Saya me"NYEPI" di kantor, dengan tumpukan deadline, perjalanan dengan bus kota menuju kantor pagi ini, terasa berbeda, ketika seorang laki-laki muda, umur kira-kira 23 tahun, berdiri di tengah bus kota yang saya tumpangi dan mulai ngoceh untuk mendapat belas kasihan dari penumpang bus.

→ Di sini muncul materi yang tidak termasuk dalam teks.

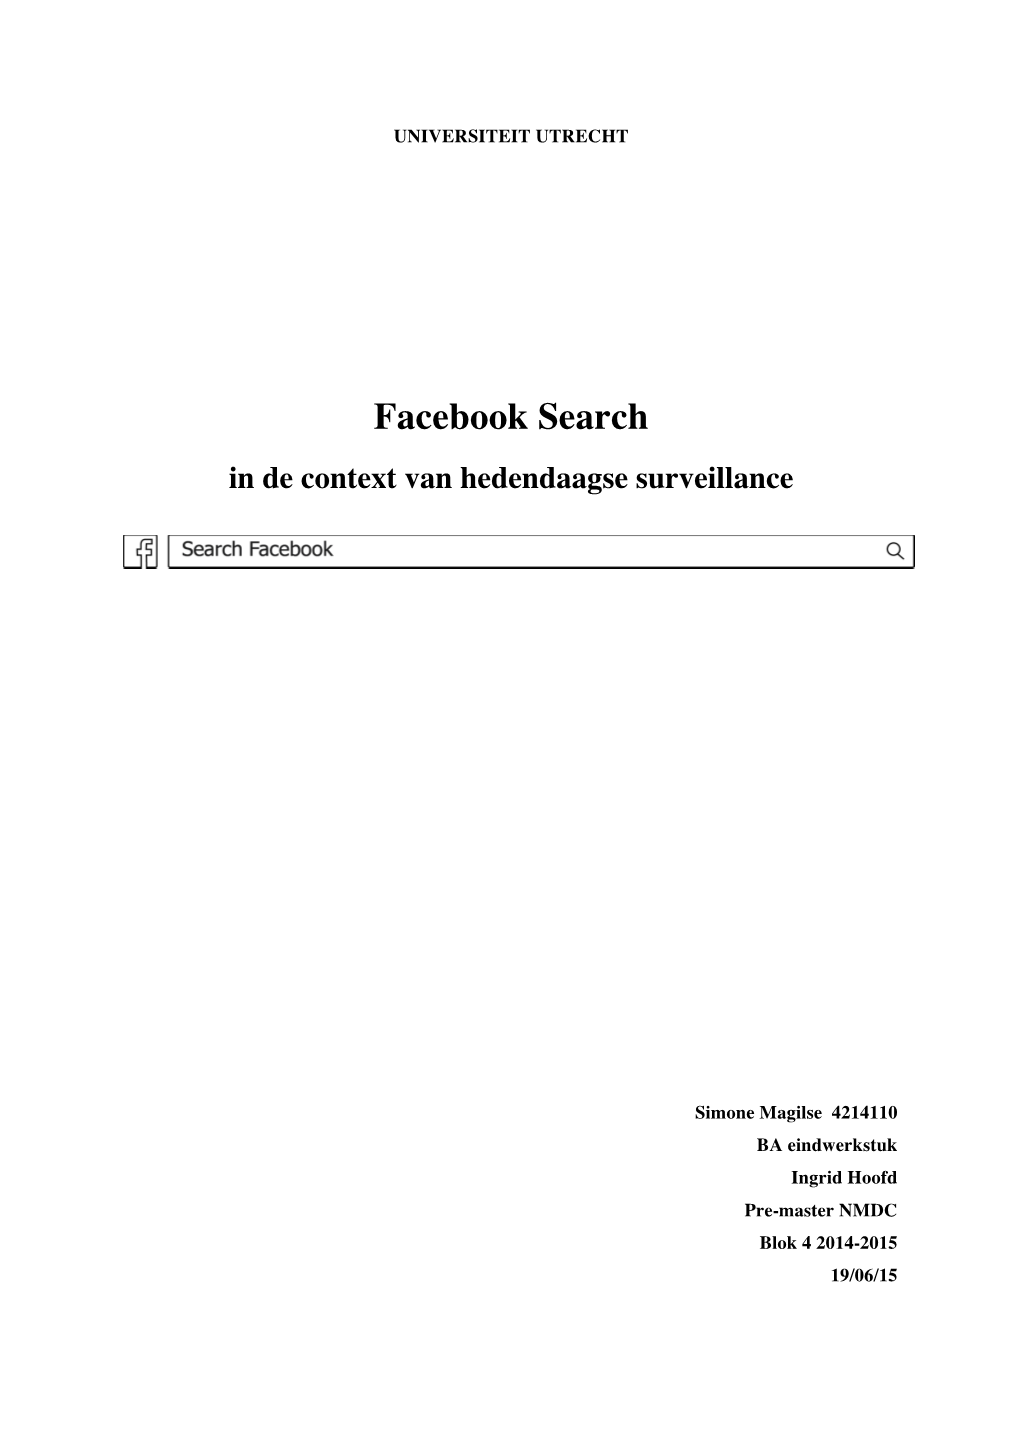 Facebook Search in De Context Van Hedendaagse Surveillance

Mengaku sebagai penderita HIV/AIDS, mukanya berdarah, kaki terseok-seok, memberi hormat kepada penumpang bus dengan mencium lantai bus, dan mulai "ceramah" tentang sebuah nilai kehidupan. Drama ini akhirnya berakhir ketika laki-laki muda itu mulai mengitari para penumpang termasuk saya dengan topi lusuhnya, saya pun menaruh uang receh ke dalam topi lusuhnya.
Ketika laki-laki muda itu mulai jauh dari pandangan mata saya, yang terpikirkan oleh saya adalah bahwa mungkin saja dia adalah pengidap HIV /AIDS ataupun semua itu hanya bualannya saja, seorang bapak yang duduk di samping saya pun mulai memberi komentar " ah itu hanya tipuan dia saja!" Bagi saya itu tidaklah penting. Tetapi pesan yang kemudian menjadi renungan saya bahwa "memberi itu harusnya tanpa melihat sebab dan akibat", dan tetap saya harus menjunjung tinggi nilai dari pemberian dengan ketulusan. Toh uang 500 perak tidak membuat saya menjadi bangkrut ketika saya berikan kepadanya. Seringkali dalam sekali perjalanan dengan bus kota bisa 3 pengamen atau pengemis meminta belas kasihan penumpang. Sejatinya tidak ada manusia yang mau menjadi pengemis ataupun pengamen.
Proses pe"NYEPI"an saya hari ini, adalah saya belajar bagaimana memberi tanpa melihat sebab dan akibat, karena memberi maknanya tetap memberi dan nilai dari pemberian adalah sebuah ketulusan.

Semoga semesta berbahagia.
Terima kasih untuk perjalanan hari ini.